# Dips



## shroomgirl (Aug 11, 2000)

Any new ideas out there? buttermilk herbbacon/onionbacon/ketchupromescohorseradishcocktail sauceremouladeguacamolesalas....fruit based, tomato based, tomitilloyogurt, mayo, sour cream.....


----------



## chefedb (Apr 3, 2010)

Jalapeno Ranch, /  Assiago  / Apple Chutney(yogurt base), / Pina Colada(yogurt base)/  Mushroom  and Herb/    If I find any more I will send them. EDB     In some of my dips I use 1/3 mayo and 2/3 sour cream.


----------



## phatch (Mar 29, 2002)

A fun variant of jalapeno ranch that Ed mentions is Sriracha ranch. Even Sriracha in Yogurt with some added flavors, say garlic, spinach, artichoke would be pretty good.

Also boiled dressing offers a fun twist on dip base and you can tweak the sourness and thickness more than you can with mayo. Also consider coconut milk instead of the standard dairy.
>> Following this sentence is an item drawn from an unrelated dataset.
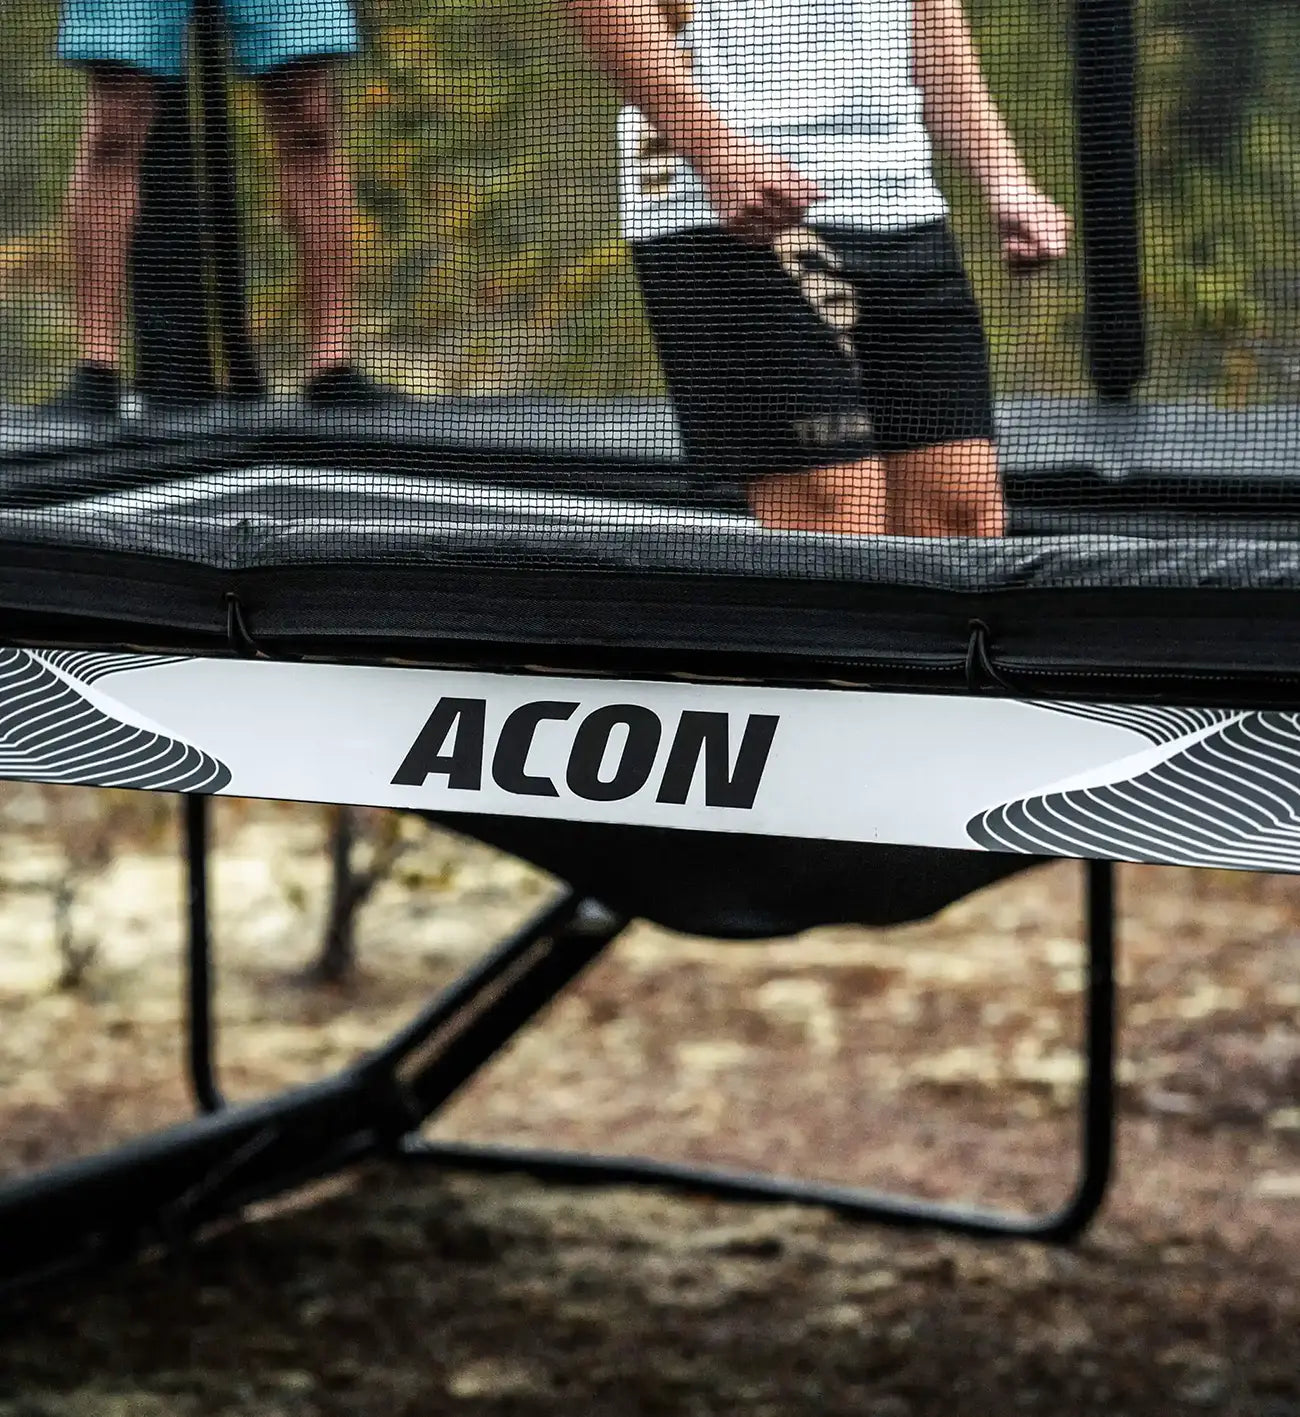 Les pieds d'un sauteur sur le trampoline Acon X pendant la phase de descente.

Makes a good curry dip base.


----------



## shroomgirl (Aug 11, 2000)

hummos, different citrus, herbage, roasted veg

black bean dip

edamome dip

cannolini beans

*black eyed peas for a southern twist


----------



## simonbaker (Mar 3, 2011)

shroomgirl said:


> Any new ideas out there? buttermilk herb bacon/onion bacon/ketchup romesco horseradish cocktail sauce remoulade guacamole salas....fruit based, tomato based, tomitillo yogurt, mayo, sour cream.....


A cheeseball I like is softened cream cheese mixed with chopped green olives, a little olive juice, fresh garlic, shredded cheddar & crisp chopped fresh bacon. It's a fun cheeseball for everything. At christmas time I made snowman trays out of them Go to your nearest hobby store for a black top hat & carrot nose. Pretzels for the arms & whole cloves for the eyes & buttons. You could do most any season.


----------



## shroomgirl (Aug 11, 2000)

artichoke...greek style with lemon, dillweed, feta, evo

artichoke spinach

artichoke with parm, mayo, garlic

Salsas...anyone want to chime in?


----------



## kyheirloomer (Feb 1, 2007)

Hummus, technically, is made with chickpeas. But think outside the box, and try the same approach with various other beans (broadbeans are a particularly interesting choice). Or go even go further afield, using avocado or even bananas.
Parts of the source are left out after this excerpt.